On my morning run today I had a chance to listen to this recent KQED Forum session with Sebastian Thrun (Udacity), Sal Khan (Khan Academy) and Anant Agarawal (MITx) sharing their thoughts and contributions to online learning.
The conversation opened with Ben Nelson sharing his plans for the Minerva Project, to offer an elite level university education fully online. He recently raised $25M in seed funding to address the issue that the demand for an ivy league style education vastly outstrips the supply and I wish he would’ve shared more of his perspective since he plans to charge students while the other 3 panelists offer their services for free.

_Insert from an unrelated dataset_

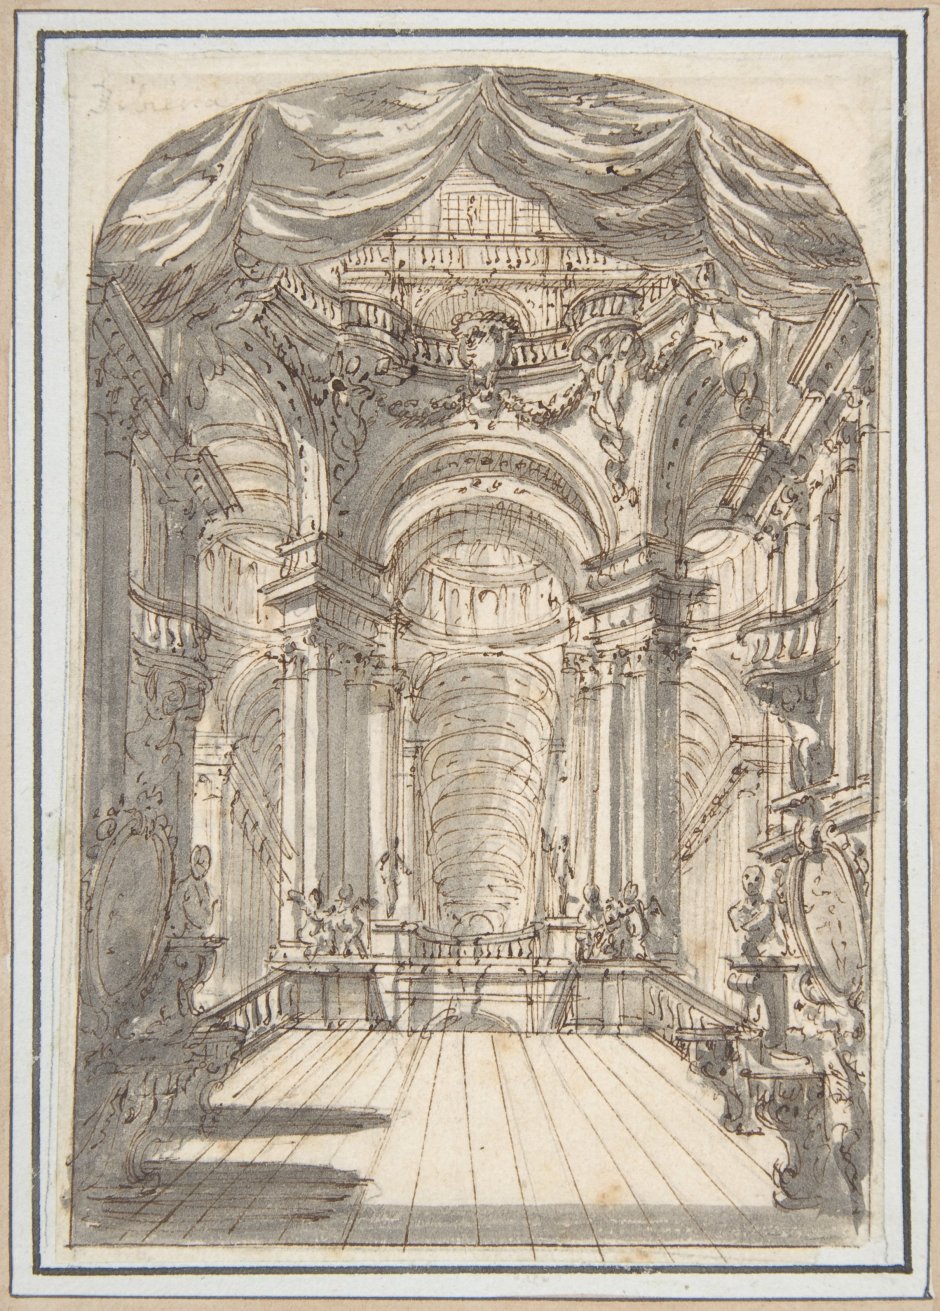 Спальня императора, дворец Фонтенбло

It was an interesting discussion where the panelists clearly acknowledged that while their online courses have made a significant impact we are just in the beginning stages of figuring out the best way to deliver and measure online learning where the role of community and 1:1 interaction is still vitally important. In response to how the cost of a higher ed degree is rapidly increasing while its value as a signal of quality and ability to provide job security is decreasing, I appreciated Sal’s comment that we must deconstruct the key aspects of college: learning, credentialing and socializing in order to control quality and costs. There is huge value in each and we must optimize the delivery methods accordingly. Sebastian and Anant shared some valuable examples of how their students have organized both physical and virtual communities to support each other’s learning and how these new models for study groups reflect the teamwork and collaboration we should expect to see more of in the future workforce.
I am so pleased to see conversations like this taking place that go beyond simply bringing content online and are addressing the more complex issue of how to facilitate learning, maintain student engagement and foster community and peer interactions in an online environment. While the discussion was focused on higher education I think, as Khan Academy has demonstrated, this work has broader implications for learning at all levels.